**Records for the task**:
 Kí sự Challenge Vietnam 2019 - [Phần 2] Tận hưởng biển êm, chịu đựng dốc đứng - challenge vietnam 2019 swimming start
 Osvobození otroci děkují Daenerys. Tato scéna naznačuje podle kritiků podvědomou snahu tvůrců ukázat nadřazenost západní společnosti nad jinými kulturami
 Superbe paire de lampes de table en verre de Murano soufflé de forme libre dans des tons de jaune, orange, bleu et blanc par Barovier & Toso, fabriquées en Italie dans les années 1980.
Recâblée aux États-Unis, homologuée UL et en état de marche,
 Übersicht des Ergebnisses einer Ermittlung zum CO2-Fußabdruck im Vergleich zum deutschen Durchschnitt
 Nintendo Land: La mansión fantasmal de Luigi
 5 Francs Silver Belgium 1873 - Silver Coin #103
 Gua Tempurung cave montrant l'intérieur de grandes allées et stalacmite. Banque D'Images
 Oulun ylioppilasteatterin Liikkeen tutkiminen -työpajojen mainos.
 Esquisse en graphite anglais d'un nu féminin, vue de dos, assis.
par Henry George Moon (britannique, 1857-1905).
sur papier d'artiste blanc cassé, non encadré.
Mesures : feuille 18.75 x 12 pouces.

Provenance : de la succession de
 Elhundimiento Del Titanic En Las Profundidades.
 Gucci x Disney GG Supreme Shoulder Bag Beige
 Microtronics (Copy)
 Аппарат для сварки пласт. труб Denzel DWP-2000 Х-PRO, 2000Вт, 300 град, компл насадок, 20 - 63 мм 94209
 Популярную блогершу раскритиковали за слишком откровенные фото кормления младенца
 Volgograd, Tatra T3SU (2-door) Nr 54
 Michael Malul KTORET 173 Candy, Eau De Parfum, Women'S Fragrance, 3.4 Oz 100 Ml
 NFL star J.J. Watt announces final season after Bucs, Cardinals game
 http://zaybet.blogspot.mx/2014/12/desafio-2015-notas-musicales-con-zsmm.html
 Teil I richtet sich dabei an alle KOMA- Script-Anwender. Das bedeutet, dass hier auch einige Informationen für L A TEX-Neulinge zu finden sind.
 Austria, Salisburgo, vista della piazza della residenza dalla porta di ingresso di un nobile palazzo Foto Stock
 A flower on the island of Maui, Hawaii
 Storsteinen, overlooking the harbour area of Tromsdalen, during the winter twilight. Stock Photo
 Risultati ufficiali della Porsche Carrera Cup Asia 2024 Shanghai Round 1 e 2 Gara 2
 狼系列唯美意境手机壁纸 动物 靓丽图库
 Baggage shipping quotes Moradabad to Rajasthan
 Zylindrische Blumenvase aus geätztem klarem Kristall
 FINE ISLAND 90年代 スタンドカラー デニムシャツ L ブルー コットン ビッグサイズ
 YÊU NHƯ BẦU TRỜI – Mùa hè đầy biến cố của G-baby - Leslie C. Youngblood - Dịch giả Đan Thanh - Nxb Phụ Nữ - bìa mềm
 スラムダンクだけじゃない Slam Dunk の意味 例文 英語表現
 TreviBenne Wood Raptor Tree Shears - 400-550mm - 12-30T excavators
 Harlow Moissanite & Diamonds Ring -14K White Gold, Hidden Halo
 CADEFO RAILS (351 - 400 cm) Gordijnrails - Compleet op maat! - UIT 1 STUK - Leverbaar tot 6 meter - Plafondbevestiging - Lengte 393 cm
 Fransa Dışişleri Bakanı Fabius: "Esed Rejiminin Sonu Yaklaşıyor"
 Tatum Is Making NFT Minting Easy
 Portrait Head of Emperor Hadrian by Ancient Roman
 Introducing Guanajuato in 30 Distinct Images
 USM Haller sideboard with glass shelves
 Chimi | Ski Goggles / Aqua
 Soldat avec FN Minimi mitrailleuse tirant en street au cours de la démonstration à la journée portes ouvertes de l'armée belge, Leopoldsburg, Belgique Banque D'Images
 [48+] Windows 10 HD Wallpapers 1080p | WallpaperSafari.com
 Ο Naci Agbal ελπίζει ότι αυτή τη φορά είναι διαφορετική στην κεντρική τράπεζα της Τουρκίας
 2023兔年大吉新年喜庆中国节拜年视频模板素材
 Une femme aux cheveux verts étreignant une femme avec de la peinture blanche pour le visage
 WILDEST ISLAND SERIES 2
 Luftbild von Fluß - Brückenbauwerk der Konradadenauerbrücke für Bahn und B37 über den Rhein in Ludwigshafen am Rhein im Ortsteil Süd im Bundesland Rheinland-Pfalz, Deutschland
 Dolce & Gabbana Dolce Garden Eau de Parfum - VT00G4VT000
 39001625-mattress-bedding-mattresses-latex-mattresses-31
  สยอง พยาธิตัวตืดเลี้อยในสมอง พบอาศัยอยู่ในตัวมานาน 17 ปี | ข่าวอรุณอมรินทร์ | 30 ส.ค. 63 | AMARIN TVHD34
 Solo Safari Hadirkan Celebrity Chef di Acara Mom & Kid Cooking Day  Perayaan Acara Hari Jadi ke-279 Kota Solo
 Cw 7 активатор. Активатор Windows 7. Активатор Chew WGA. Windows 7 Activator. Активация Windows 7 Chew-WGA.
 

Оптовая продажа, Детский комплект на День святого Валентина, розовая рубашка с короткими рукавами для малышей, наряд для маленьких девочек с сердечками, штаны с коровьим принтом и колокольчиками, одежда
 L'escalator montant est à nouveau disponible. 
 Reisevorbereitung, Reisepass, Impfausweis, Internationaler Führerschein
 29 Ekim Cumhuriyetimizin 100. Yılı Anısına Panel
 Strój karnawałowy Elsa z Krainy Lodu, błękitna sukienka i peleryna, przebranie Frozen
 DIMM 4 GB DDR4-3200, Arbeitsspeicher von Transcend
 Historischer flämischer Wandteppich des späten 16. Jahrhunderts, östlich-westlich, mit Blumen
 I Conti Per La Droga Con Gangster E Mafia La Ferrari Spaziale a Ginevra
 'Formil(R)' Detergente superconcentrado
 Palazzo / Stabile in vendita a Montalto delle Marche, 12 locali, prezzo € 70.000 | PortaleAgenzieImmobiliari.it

**Your objective**:
Every entry above should be written out again, precisely.

**Problem solution**:
 Kí sự Challenge Vietnam 2019 - [Phần 2] Tận hưởng biển êm, chịu đựng dốc đứng - challenge vietnam 2019 swimming start
 Osvobození otroci děkují Daenerys. Tato scéna naznačuje podle kritiků podvědomou snahu tvůrců ukázat nadřazenost západní společnosti nad jinými kulturami
 Superbe paire de lampes de table en verre de Murano soufflé de forme libre dans des tons de jaune, orange, bleu et blanc par Barovier & Toso, fabriquées en Italie dans les années 1980.
Recâblée aux États-Unis, homologuée UL et en état de marche,
 Übersicht des Ergebnisses einer Ermittlung zum CO2-Fußabdruck im Vergleich zum deutschen Durchschnitt
 Nintendo Land: La mansión fantasmal de Luigi
 5 Francs Silver Belgium 1873 - Silver Coin #103
 Gua Tempurung cave montrant l'intérieur de grandes allées et stalacmite. Banque D'Images
 Oulun ylioppilasteatterin Liikkeen tutkiminen -työpajojen mainos.
 Esquisse en graphite anglais d'un nu féminin, vue de dos, assis.
par Henry George Moon (britannique, 1857-1905).
sur papier d'artiste blanc cassé, non encadré.
Mesures : feuille 18.75 x 12 pouces.

Provenance : de la succession de
 Elhundimiento Del Titanic En Las Profundidades.
 Gucci x Disney GG Supreme Shoulder Bag Beige
 Microtronics (Copy)
 Аппарат для сварки пласт. труб Denzel DWP-2000 Х-PRO, 2000Вт, 300 град, компл насадок, 20 - 63 мм 94209
 Популярную блогершу раскритиковали за слишком откровенные фото кормления младенца
 Volgograd, Tatra T3SU (2-door) Nr 54
 Michael Malul KTORET 173 Candy, Eau De Parfum, Women'S Fragrance, 3.4 Oz 100 Ml
 NFL star J.J. Watt announces final season after Bucs, Cardinals game
 http://zaybet.blogspot.mx/2014/12/desafio-2015-notas-musicales-con-zsmm.html
 Teil I richtet sich dabei an alle KOMA- Script-Anwender. Das bedeutet, dass hier auch einige Informationen für L A TEX-Neulinge zu finden sind.
 Austria, Salisburgo, vista della piazza della residenza dalla porta di ingresso di un nobile palazzo Foto Stock
 A flower on the island of Maui, Hawaii
 Storsteinen, overlooking the harbour area of Tromsdalen, during the winter twilight. Stock Photo
 Risultati ufficiali della Porsche Carrera Cup Asia 2024 Shanghai Round 1 e 2 Gara 2
 狼系列唯美意境手机壁纸 动物 靓丽图库
 Baggage shipping quotes Moradabad to Rajasthan
 Zylindrische Blumenvase aus geätztem klarem Kristall
 FINE ISLAND 90年代 スタンドカラー デニムシャツ L ブルー コットン ビッグサイズ
 YÊU NHƯ BẦU TRỜI – Mùa hè đầy biến cố của G-baby - Leslie C. Youngblood - Dịch giả Đan Thanh - Nxb Phụ Nữ - bìa mềm
 スラムダンクだけじゃない Slam Dunk の意味 例文 英語表現
 TreviBenne Wood Raptor Tree Shears - 400-550mm - 12-30T excavators
 Harlow Moissanite & Diamonds Ring -14K White Gold, Hidden Halo
 CADEFO RAILS (351 - 400 cm) Gordijnrails - Compleet op maat! - UIT 1 STUK - Leverbaar tot 6 meter - Plafondbevestiging - Lengte 393 cm
 Fransa Dışişleri Bakanı Fabius: "Esed Rejiminin Sonu Yaklaşıyor"
 Tatum Is Making NFT Minting Easy
 Portrait Head of Emperor Hadrian by Ancient Roman
 Introducing Guanajuato in 30 Distinct Images
 USM Haller sideboard with glass shelves
 Chimi | Ski Goggles / Aqua
 Soldat avec FN Minimi mitrailleuse tirant en street au cours de la démonstration à la journée portes ouvertes de l'armée belge, Leopoldsburg, Belgique Banque D'Images
 [48+] Windows 10 HD Wallpapers 1080p | WallpaperSafari.com
 Ο Naci Agbal ελπίζει ότι αυτή τη φορά είναι διαφορετική στην κεντρική τράπεζα της Τουρκίας
 2023兔年大吉新年喜庆中国节拜年视频模板素材
 Une femme aux cheveux verts étreignant une femme avec de la peinture blanche pour le visage
 WILDEST ISLAND SERIES 2
 Luftbild von Fluß - Brückenbauwerk der Konradadenauerbrücke für Bahn und B37 über den Rhein in Ludwigshafen am Rhein im Ortsteil Süd im Bundesland Rheinland-Pfalz, Deutschland
 Dolce & Gabbana Dolce Garden Eau de Parfum - VT00G4VT000
 39001625-mattress-bedding-mattresses-latex-mattresses-31
  สยอง พยาธิตัวตืดเลี้อยในสมอง พบอาศัยอยู่ในตัวมานาน 17 ปี | ข่าวอรุณอมรินทร์ | 30 ส.ค. 63 | AMARIN TVHD34
 Solo Safari Hadirkan Celebrity Chef di Acara Mom & Kid Cooking Day  Perayaan Acara Hari Jadi ke-279 Kota Solo
 Cw 7 активатор. Активатор Windows 7. Активатор Chew WGA. Windows 7 Activator. Активация Windows 7 Chew-WGA.
 

Оптовая продажа, Детский комплект на День святого Валентина, розовая рубашка с короткими рукавами для малышей, наряд для маленьких девочек с сердечками, штаны с коровьим принтом и колокольчиками, одежда
 L'escalator montant est à nouveau disponible. 
 Reisevorbereitung, Reisepass, Impfausweis, Internationaler Führerschein
 29 Ekim Cumhuriyetimizin 100. Yılı Anısına Panel
 Strój karnawałowy Elsa z Krainy Lodu, błękitna sukienka i peleryna, przebranie Frozen
 DIMM 4 GB DDR4-3200, Arbeitsspeicher von Transcend
 Historischer flämischer Wandteppich des späten 16. Jahrhunderts, östlich-westlich, mit Blumen
 I Conti Per La Droga Con Gangster E Mafia La Ferrari Spaziale a Ginevra
 'Formil(R)' Detergente superconcentrado
 Palazzo / Stabile in vendita a Montalto delle Marche, 12 locali, prezzo € 70.000 | PortaleAgenzieImmobiliari.it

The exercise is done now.